# An Early Christmas Gift!



## Jon Lake (Dec 2, 2008)

My Mom called me and told me she had some points on her AmEx, anyway she remembered I wanted a Wii, WAY back, but there was always a shortage of the units. This thing is great! It has been years since I had a console game system, great edition of Mortal Kombat for it! For those who have a Wii, I used to really like the old RPG games like the Final Fantasy stuff (and Chrono-Trigger) is there any 21st century stuff like this for the Wii system yet????

-----Added 12/2/2008 at 07:00:18 EST-----

OK, what are some other good games.....


----------



## Honor (Dec 2, 2008)

dude we don't have a Wii (we want one really really bad though) but my lil sister has one and we loved the game that came with it... boxing, tennis, bowling (my personal fav) and then they downloaded Supermario Bro3.... do you remember that game??? it was my fav back in the day!!! we played that till like 3am it was awsome... Then 6am came and I remembered I am a mom and kids had been in bed since 7pm...ouch.


----------



## Jon Lake (Dec 2, 2008)

Honor said:


> dude we don't have a Wii (we want one really really bad though) but my lil sister has one and we loved the game that came with it... boxing, tennis, bowling (my personal fav) and then they downloaded Supermario Bro3.... do you remember that game??? it was my fav back in the day!!! we played that till like 3am it was awsome... Then 6am came and I remembered I am a mom and kids had been in bed since 7pm...ouch.

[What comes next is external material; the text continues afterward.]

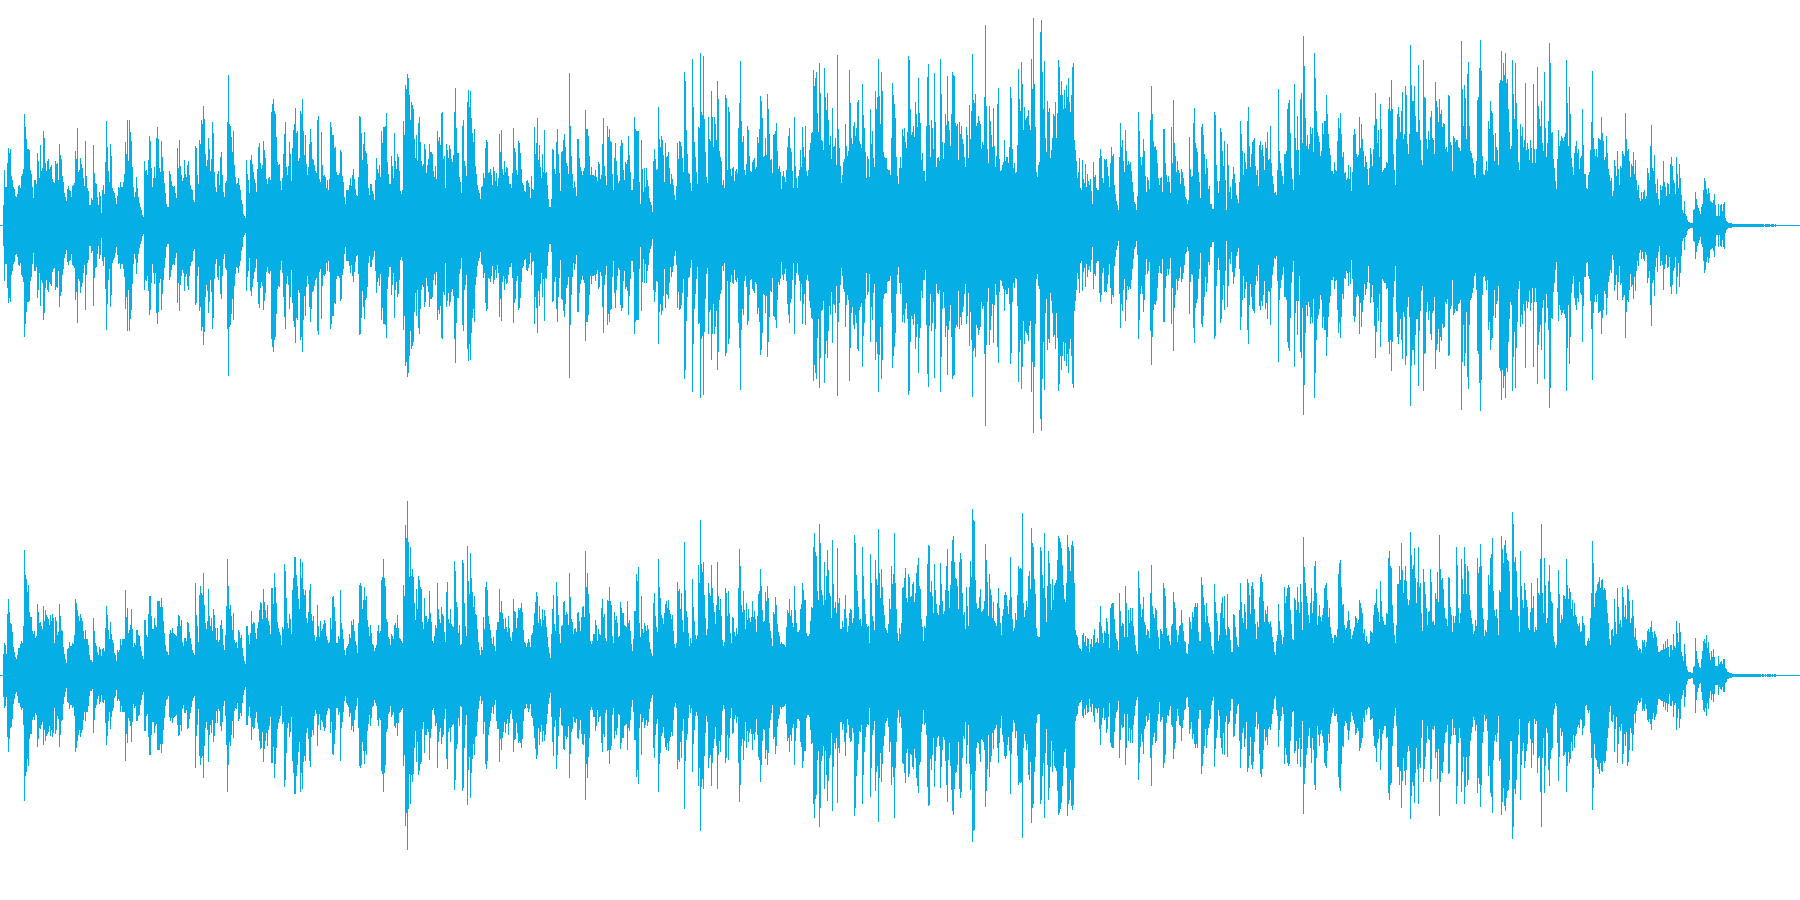 メロディアスで美しいバラードのピアノソロの再生済みの波形

The SALES on Wii have been amazing, Amazon got a bunch in when they first came out, sold in like an HOUR, they got a batch in for the Holiday season recently, SOLD OUT. Same thing at Best Buy. People accused Nintendo of "staggering" the shipments to build hype, they swear they are trying to keep up with the demand. I read it is not just North America, they have now become the biggest selling console in Australia topping X-Box. Everyone wants one! Wii is like the Beatles of game consoles! It is a VERY cool system.


----------



## Honor (Dec 2, 2008)

Jon Lake said:


> Honor said:
> 
> 
> > dude we don't have a Wii (we want one really really bad though) but my lil sister has one and we loved the game that came with it... boxing, tennis, bowling (my personal fav) and then they downloaded Supermario Bro3.... do you remember that game??? it was my fav back in the day!!! we played that till like 3am it was awsome... Then 6am came and I remembered I am a mom and kids had been in bed since 7pm...ouch.
> ...


oh yeah VERY cool... now if only they gave them away for free


----------



## Jon Lake (Dec 2, 2008)

Honor said:


> Jon Lake said:
> 
> 
> > Honor said:
> ...


Odd thing is they are not expensive consoles, the other companies took the approach, our system can do this and this and this, Nintendo was SMART, they had two failures after Super Nintendo, they did not wish to repeat them, they all sat down and came up with a console system that is.......fun.


----------